It occurred to me, with a little help from a friend, that sometimes we need to take a break from our daily schedule and find time for personal enjoyment. I know that I tend to fall into that Monday through Friday, 9-5 routine. I would go to work at 8:30, take my lunch from 1-2, at 4:30 do the mail, and at 5:00 leave for the day. Then after arriving at home, I would plan to watch Jeapordy from 7 - 7:30 with Mom, and then the rest of the night would be unplanned. On Saturday and Sunday I would play it by ear, see what happens, then get ready for Monday through Friday again.
Don't get me wrong, I recognize the need for a work schedule, and I enjoy spending time with Mom. I strive for punctuality, I feel it's rude to be late for things and keep other people waiting. But I also feel the need to just be spontaneous, it relaxes me and leaves me open for possibilities. Living our life according to a schedule can be stressful. Every detail of life can't be planned, you would miss out on so much.
For some it's easier than others, there are family obligations, bills, school events, etc. For a single person it's easier to be spontaneous than a married person. But there is so much stress in the world today, sometimes it's worth it to take a break from routine, even if it's just deciding to stop on the spur of the moment for a water ice, or to take a short walk in a park.
So all my friends, please take a moment to stop and think about this, and take a break from routine once in a while and relax and have fun. Stress can affect your health and I want all my friends to live long and healthy lives, otherwise who will read all these posts?

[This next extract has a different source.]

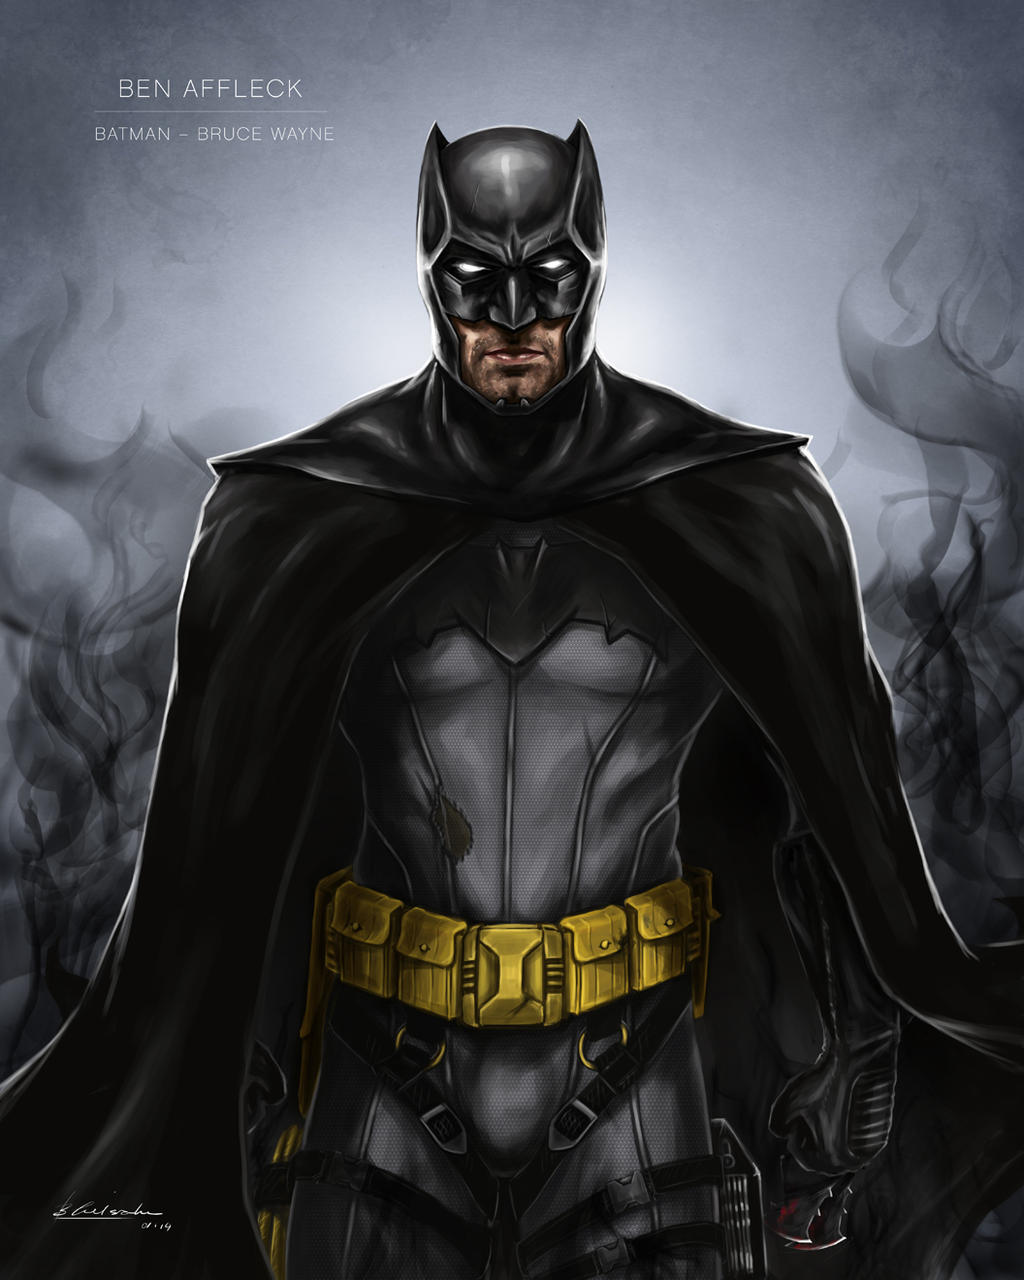 Ben Affleck Batman concept by Ben-Wilsonham on DeviantArt

I read it and yes, it's hard to be spontaneous, especially after the kids. I have no regrets mind you, but I wish it we're just a little easier to do the me time thing. I've come to the conclusion that you take what you can, when you can after the family is taken care of and the other obligations. I think my friends and family understand too that there's lots of stuff I'd like to do with them but those moments aren't easy to plan anymore. But I'll still take what I can get, a tiny bit here and a little less there. Every "little bit" counts though, in my book.